Отметим попутно одно чрезвычайно проницательное наблюдение, сделанное Ю.В. Лебедевым. Само пристрастие Островского к «сценам» и «картинам» свидетельствовало о том, что в драме его привлекает «не столько итог, сколько сам процесс рождения драматического в повседневном потоке жизни», «ощущение врасплох застигнутой жизни»10.

* * *

На 3-м году филологического обучения в Саратовском государственном университете (1959/60 учебный год) встал перед нами вопрос о выборе соответствующего литературоведческого спецкурса.

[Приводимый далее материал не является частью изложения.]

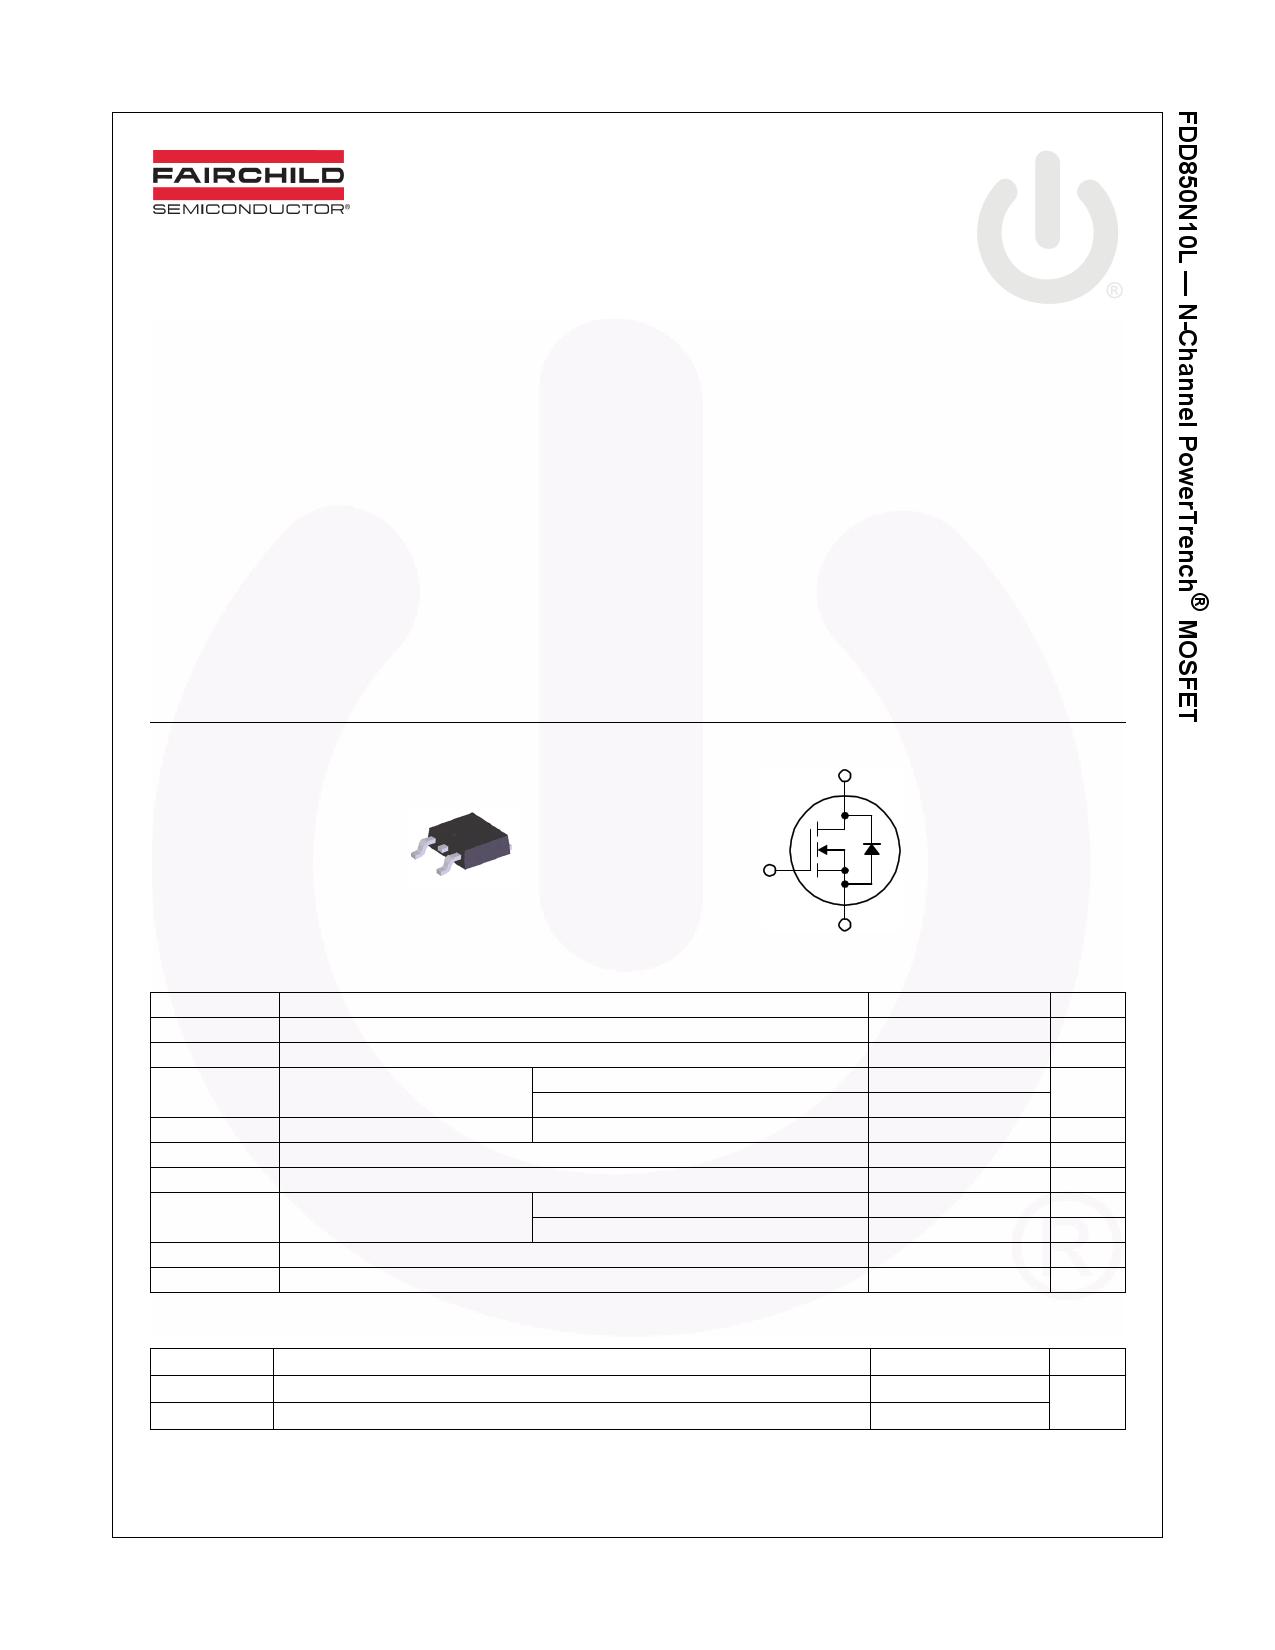 FDD850N10L 데이터시트 및 FDD850N10L PDF

Талантливый, неформальный и в высшей степени надёжный наш друг и блистательный учёный-педагог А.А. Жук11 посоветовала студентам семинара Е.И. Покусаева12 записаться к доценту Л.П. Медведевой13. В параллель с ней были и другие, не менее, если не более достойные, яркие и опытные лекторы, но рекомендацию свою Алла Александровна объяснила очень просто: «Скафтымова, увы, ваше поколение уже не слышало14. А Лидия Павловна, обладая удивительной стенографической способностью, в числе многого другого тщательнейшим образом, аккуратно, педантично, день за днём фиксировала лекции Александра Павловича, в том числе, и о драматургии Чехова и его предшественников. Идите к ней, записывайте, думайте и умудряйтесь!»

Многие из наших сокурсников выполнили этот наказ А.А. Жук и были вознаграждены интересными материалами, которыми снабдила нас Л.П. Медведева. Лидия Павловна обладала ещё и замечательными навыками неназойливой лекционной начитки-диктовки. С течением времени эти записи, на мой взгляд, обрели особую цену, порой дополняя наши представления о взглядах Скафтымова на Чехова в истории отечественной драматургии.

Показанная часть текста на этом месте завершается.